Task description —
Leave the pictures out and reproduce all the entries word for word.

Stored entries
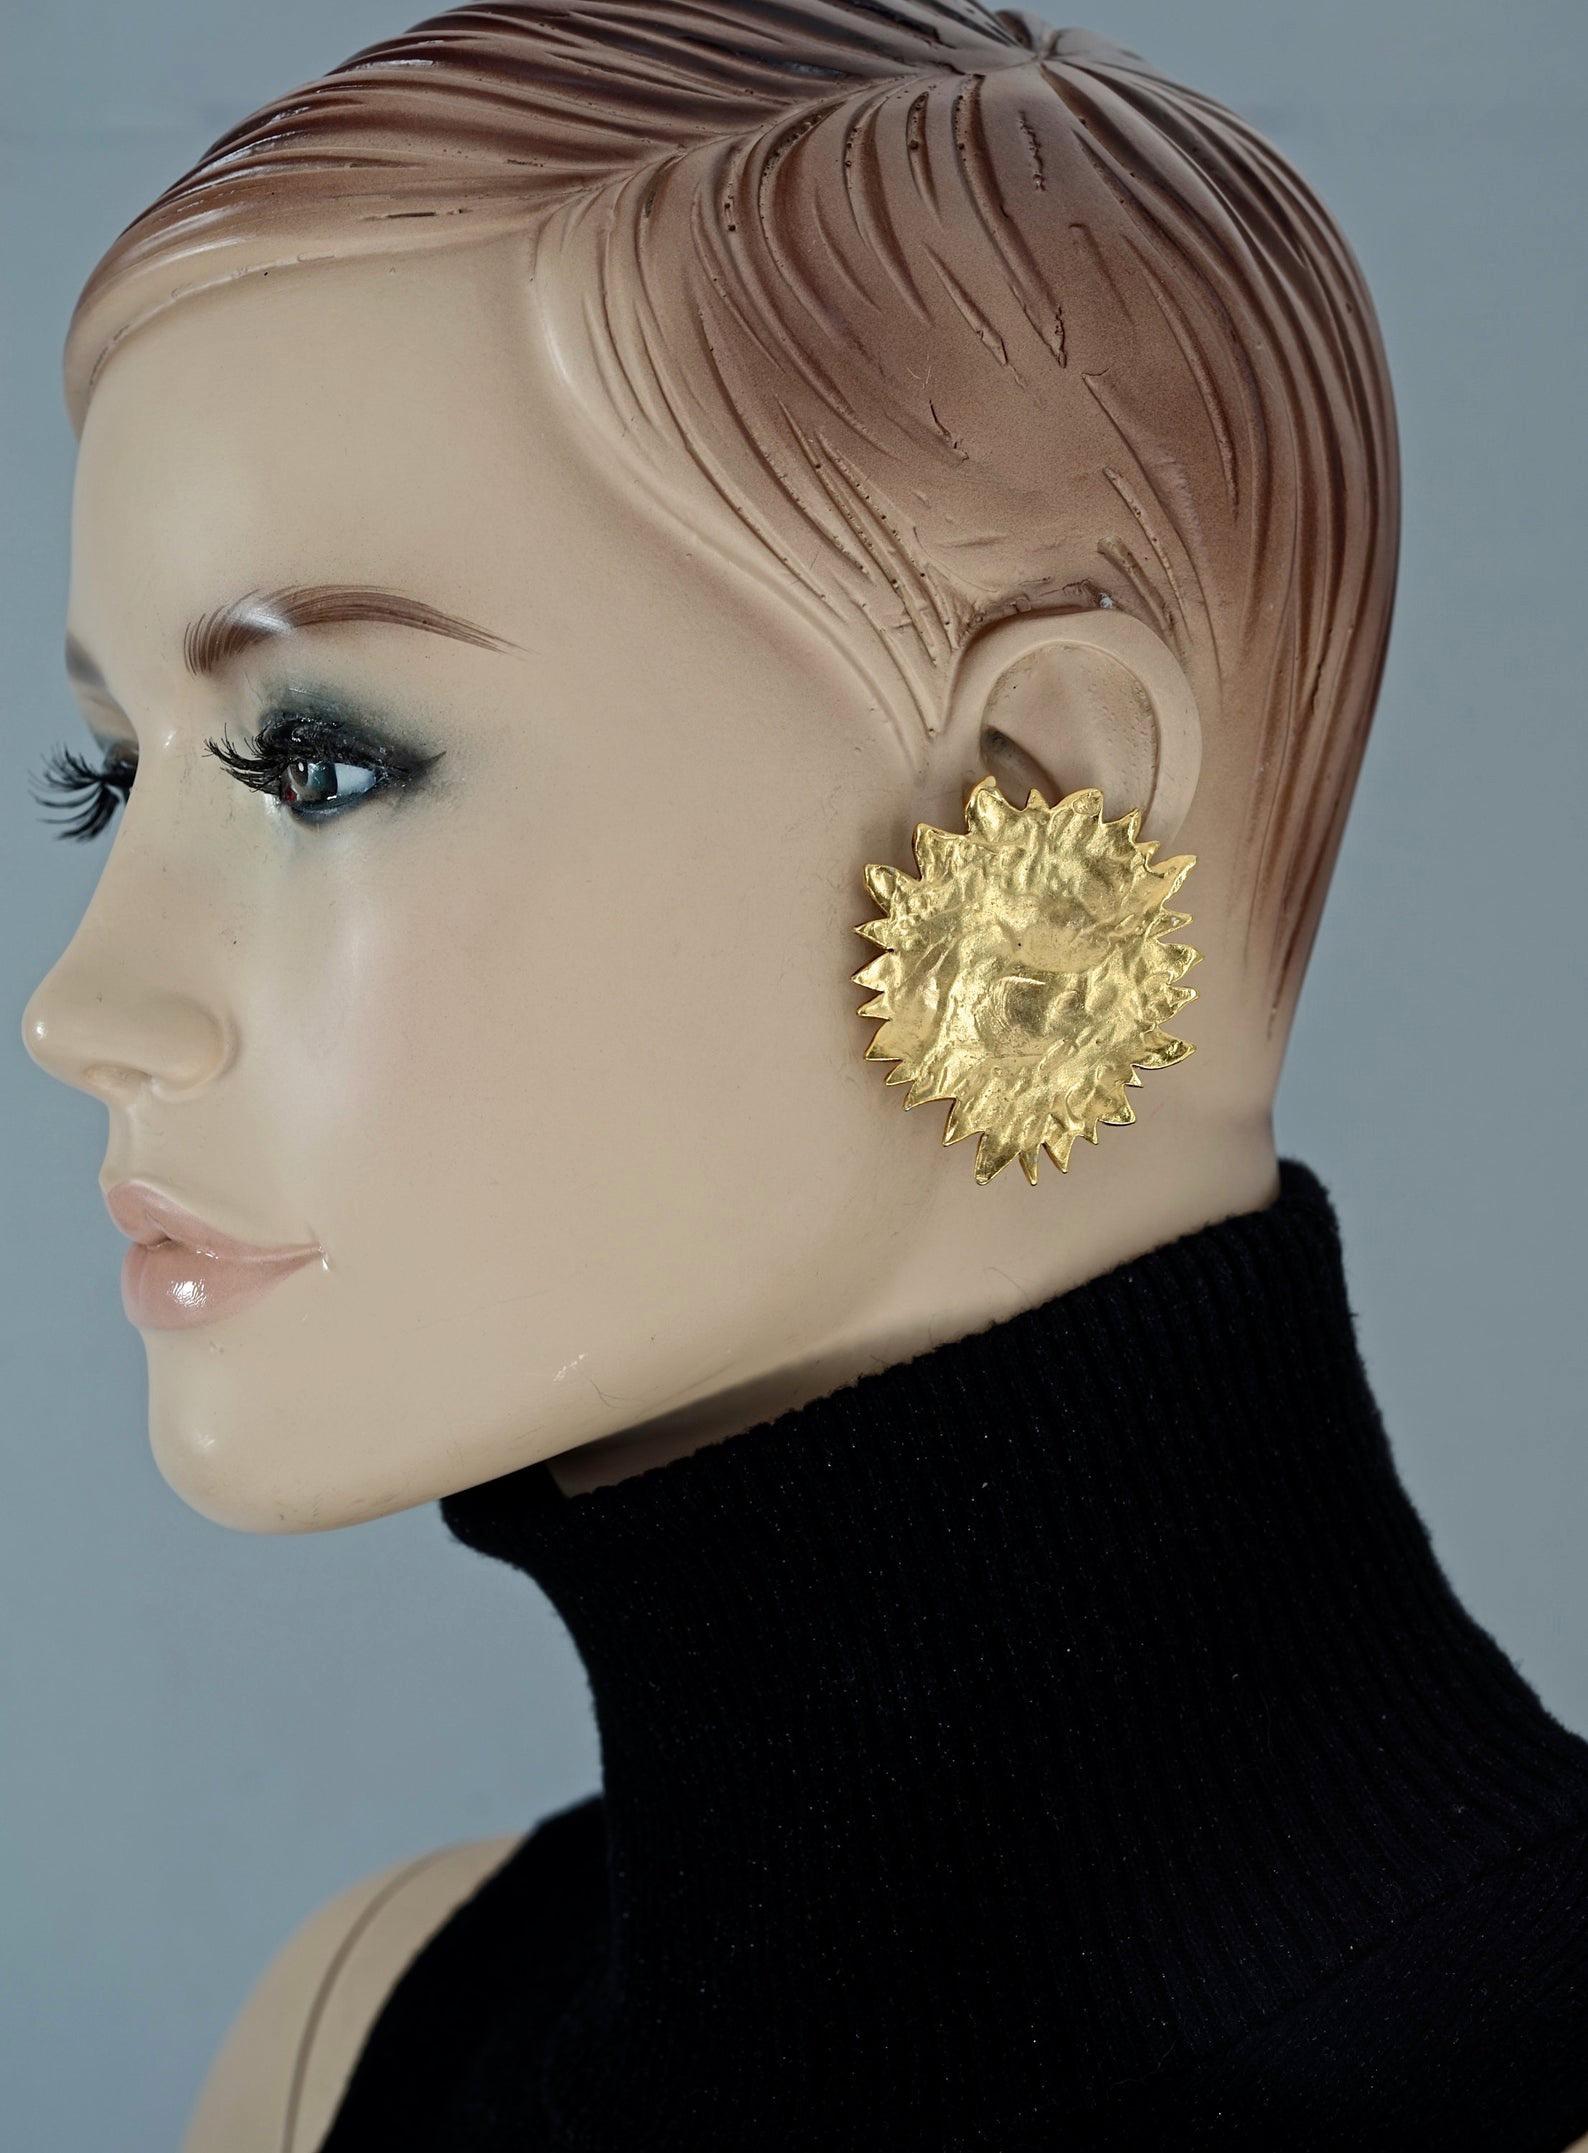 Vintage Massive YVES SAINT LAURENT Ysl by Robert Goossens Textured Sun Earrings

Measurements:
Height: 2.04 inches (5.2 cm)
Width: 1.89 inches (4.8 cm)
Weight per Earring: 16 grams

Features:
- 100% Authentic YVES SAINT LAURENT by Robert Goossens.
-

Result —
 Vintage Massive YVES SAINT LAURENT Ysl by Robert Goossens Textured Sun Earrings

Measurements:
Height: 2.04 inches (5.2 cm)
Width: 1.89 inches (4.8 cm)
Weight per Earring: 16 grams

Features:
- 100% Authentic YVES SAINT LAURENT by Robert Goossens.
-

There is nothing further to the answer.